In the course of the large-scale police repression against the Directorio Revolucionario after the spectacular action, Gutiérrez Menoyo rose quickly within the organization and at the age of 22 was already responsible for actions in the capital. The organization's board of directors, which had partly gone into exile in Florida and sought support in the United States, approved his proposal in September 1957 to set up a guerrilla front inland. After exploring the area, Gutiérrez Menoyo declared publicly in November 1957 in the province of Las Villas the establishment of the "National Front in the Escambray Mountains" (Spanish: Frente Nacional del Escambray), of which he was in command. In February 1958, he and his deputy commanding officer William Morgan received a contingent of fighters and weapons that had arrived from Miami . After several victorious skirmishes with government troops, in late February 1958 he proclaimed the Escambray Manifesto, which called for a social revolution and the reinstatement of the progressive constitution of 1940.
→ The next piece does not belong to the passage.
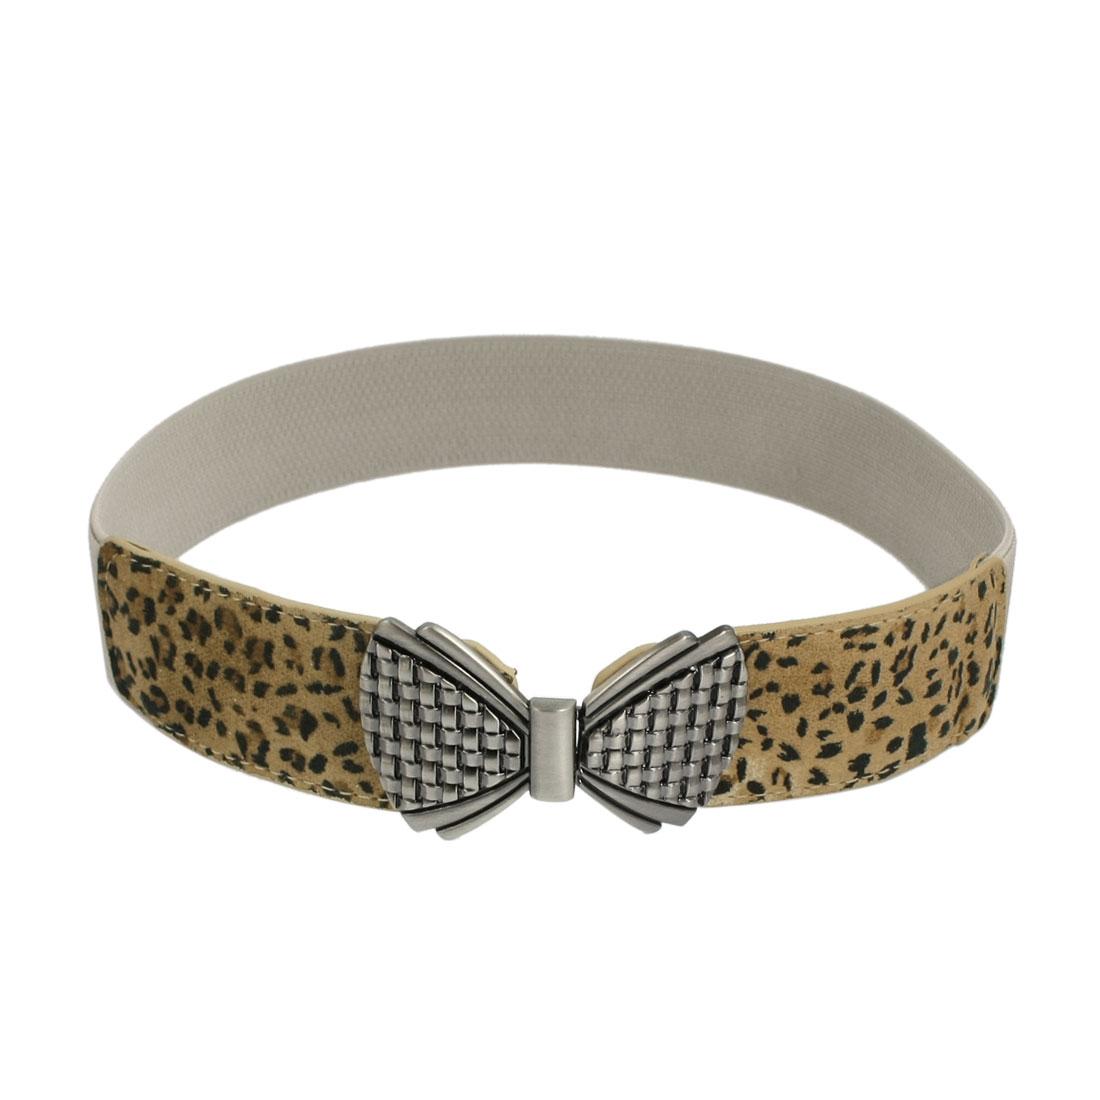 Lady Interlocking Closure Leopard Pattern Faux Leather Stretchy Waist Belt Khaki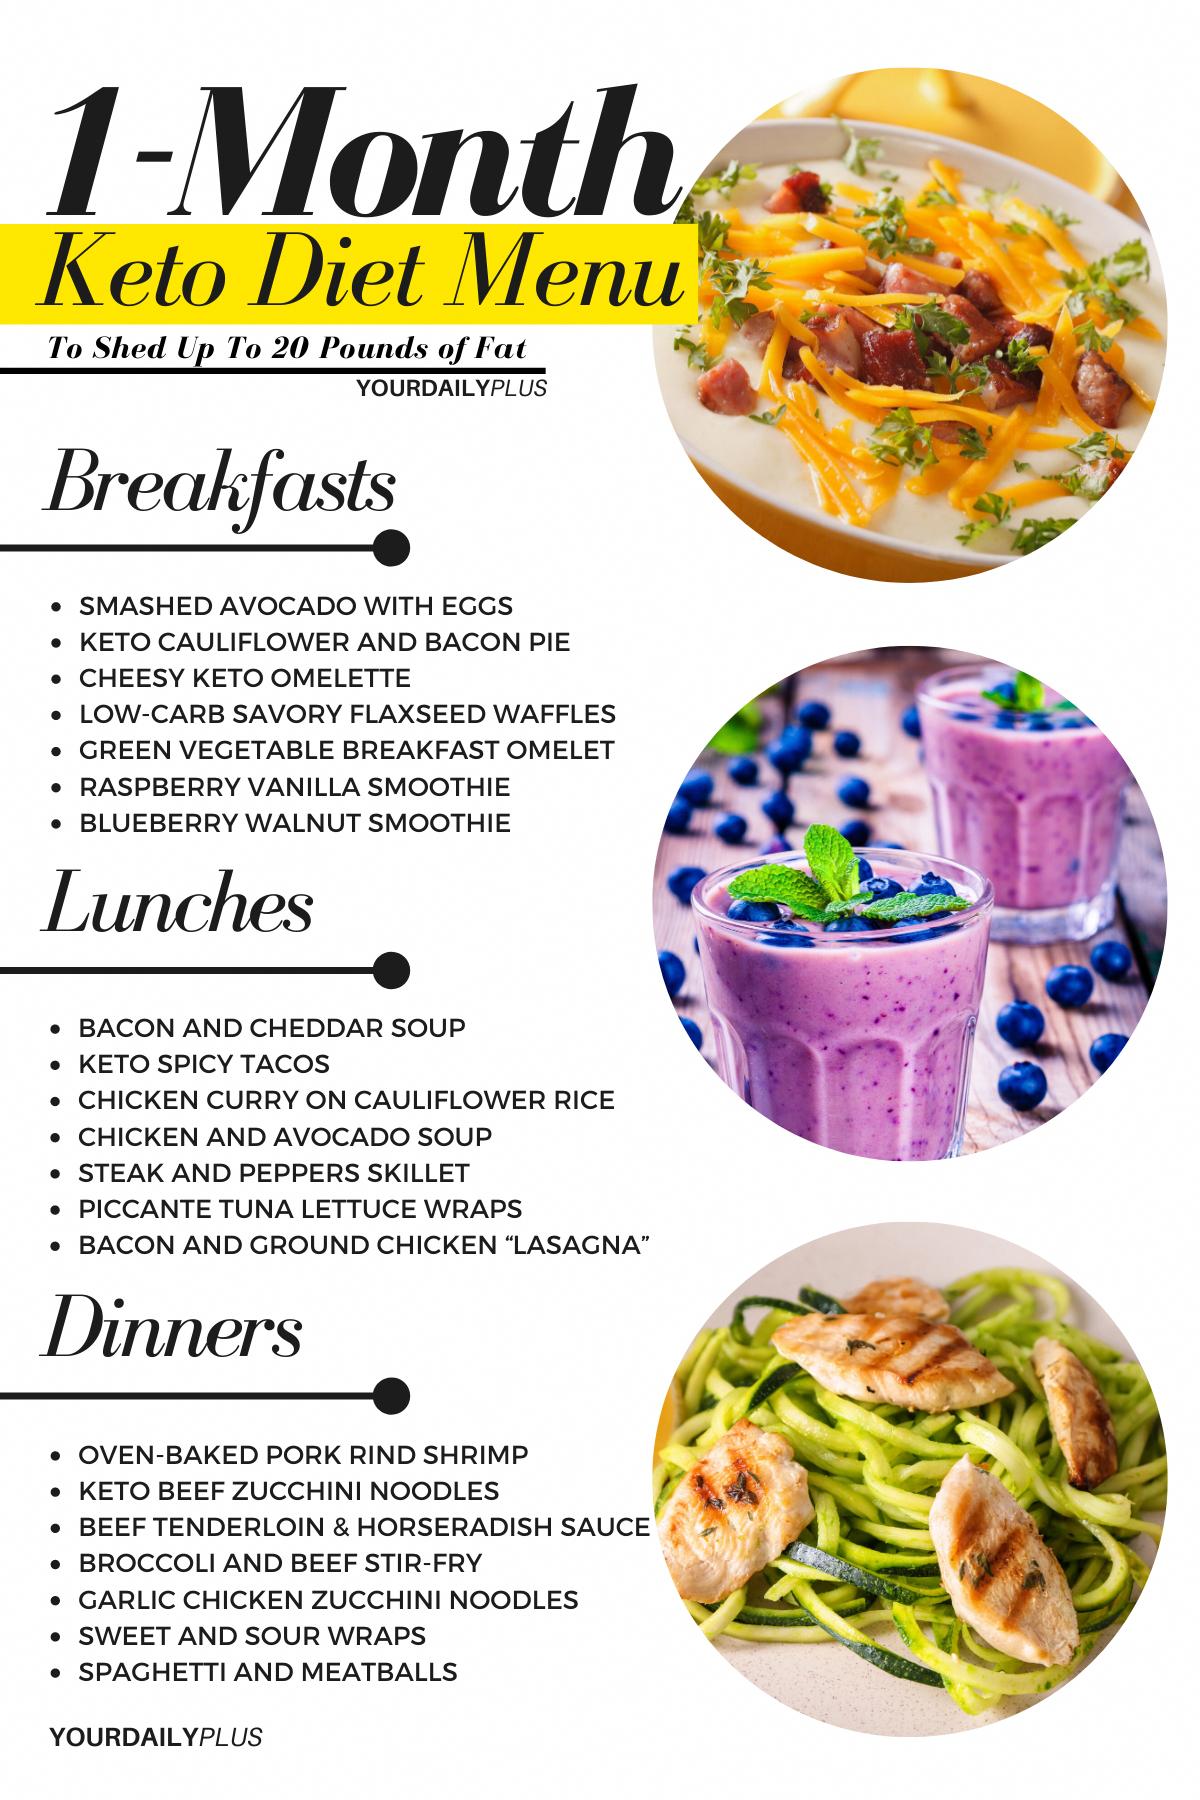 Keto Diet Menu 30 Day Keto Meal Plan For Beginners Ketodietmenu Keto Diet Menu Keto Meal Plan Keto Diet

In the summer of 1958, Menoyo sparked competition within the Directorio Revolucionario because he opposed the claim of DR founding member Rolando Cubela to take command of the guerrillas in the Escambray Mountains that Gutiérrez Menoyo had built up since autumn 1957. Menoyo was then expelled from the Directorio Revolucionario by General Secretary Faure Chomón on charges of treason and formed an independent combat force with its own units under the name "Second National Front in the Escambray Mountains" (Spanish: Segundo Frente Nacional del Escambray). Comandante William Morgan remained his deputy. Most of the 300 or so fighters who joined him were supporters of the Partido Revolucionario Cubano (Auténticos) . The ex-President Carlos Prío, who had been deposed by Batista, also supported Menoyo's guerrilla association from Miami, which achieved numerous combat successes and land gains in the south of the Las Villas province in the remaining months of the guerrilla war. The force led by Menoyo was known to be decidedly anti-communist. He provoked a one-time guerrilla war incident when he the of Ernesto Guevara commanded about 200 fighters comprehensive Association of the July 26th Movement prevented them from taking over the control of the Escambray mountains, as Guevara in the summer of 1958 there on his in Sierra Maestra had begun the advance. After Batista escaped early in the morning on New Year's Day 1959, Menoyo's troops were the first rebels to enter the capital.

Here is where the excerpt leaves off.